The next decade's attack surface is a transformer.
Every chatbot, every agent, every multimodal system shipping to production is a new vector — for hallucination, jailbreak, prompt injection, autonomous misbehavior, and failure modes nobody has named yet.
defenders are outnumbered. attackers improvise in public. vendors race each other.
Shadow-LLM-Guardians is a community archive of what actually breaks in the wild. Reproducibly. Citably. Without NDAs.
─────────────────────────────────────────────────────────────────────
We are Shadow-LLM-Guardians — a working group of researchers, red teamers, and engineers cataloguing the failures of frontier AI systems. The archive is the first surface. The team is forming.
The Archive
Every documented failure case — hallucinations, jailbreaks, prompt injections, agent loops, destructive actions, over-refusals, sycophancy. Reproducibility, threat model, and provenance attached to every entry. Citable by paper, by analyst, by anyone.
Reproducers & Defenses
Open toolchains that re-execute submitted cases against current model versions. Regression dashboards. Defense recipes. A growing benchmark suite the next blue-team engineer can pull and run.
A Standing Red/Blue Team for the AI Age
Shadow-LLM-Guardians began as a domain registered in 2023. It will not stay an archive. The long game: a permanent, independent attack-defense capability for the systems the rest of the world depends on but rarely audits.

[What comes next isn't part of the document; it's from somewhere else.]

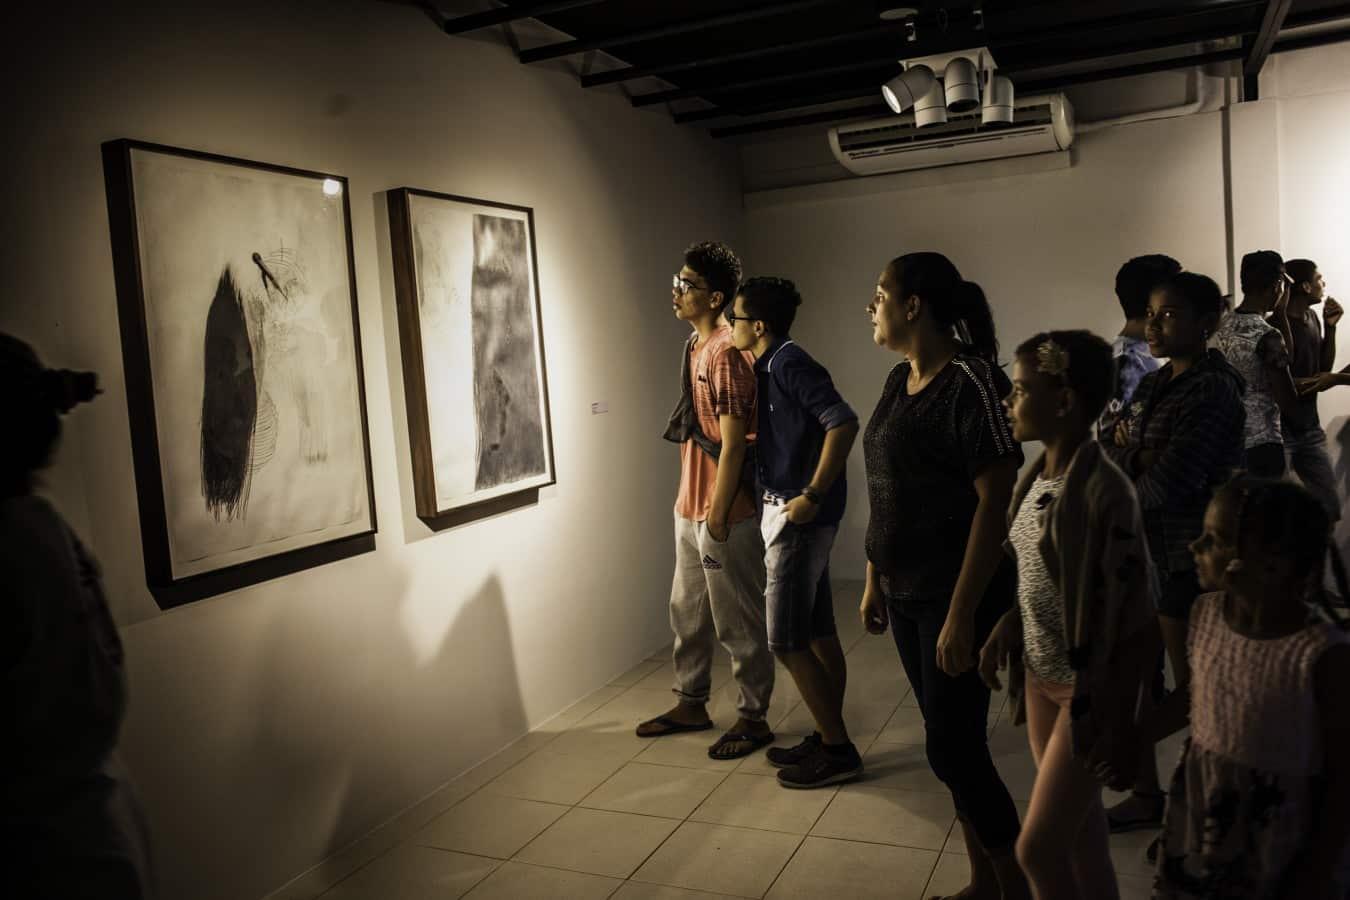 EXPOSIÇÃO - Carlos Mélo apresenta a Residência Belojardim
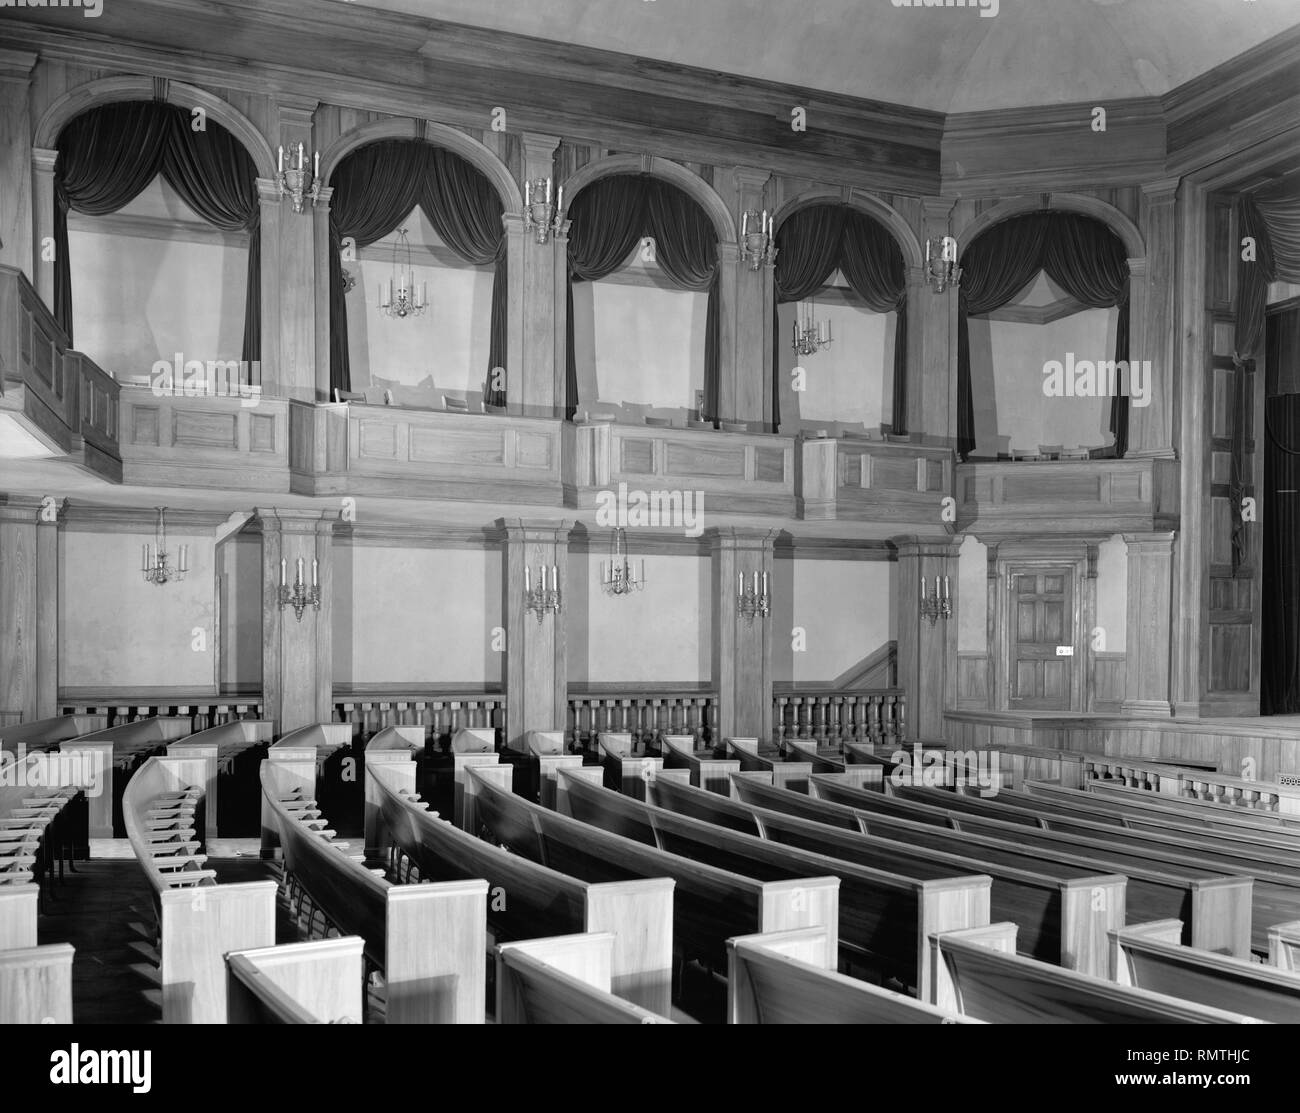 Dock Street Theater, Charleston, South Carolina, USA, Frances Benjamin Johnston, 1937 - Stock Image

─────────────────────────────────────────────────────────────────────
// what we collect — hallucinations, jailbreaks, prompt injections, agent loops, destructive actions, over-refusals, sycophancy, alignment failures, tool misuse, multimodal failures, and the long tail of weird behavior that doesn't have a name yet.
// what we don't collect — attack tutorials with no defensive value, zero-day exploits before responsible disclosure, content that targets individuals, anything that would harm vulnerable people if amplified.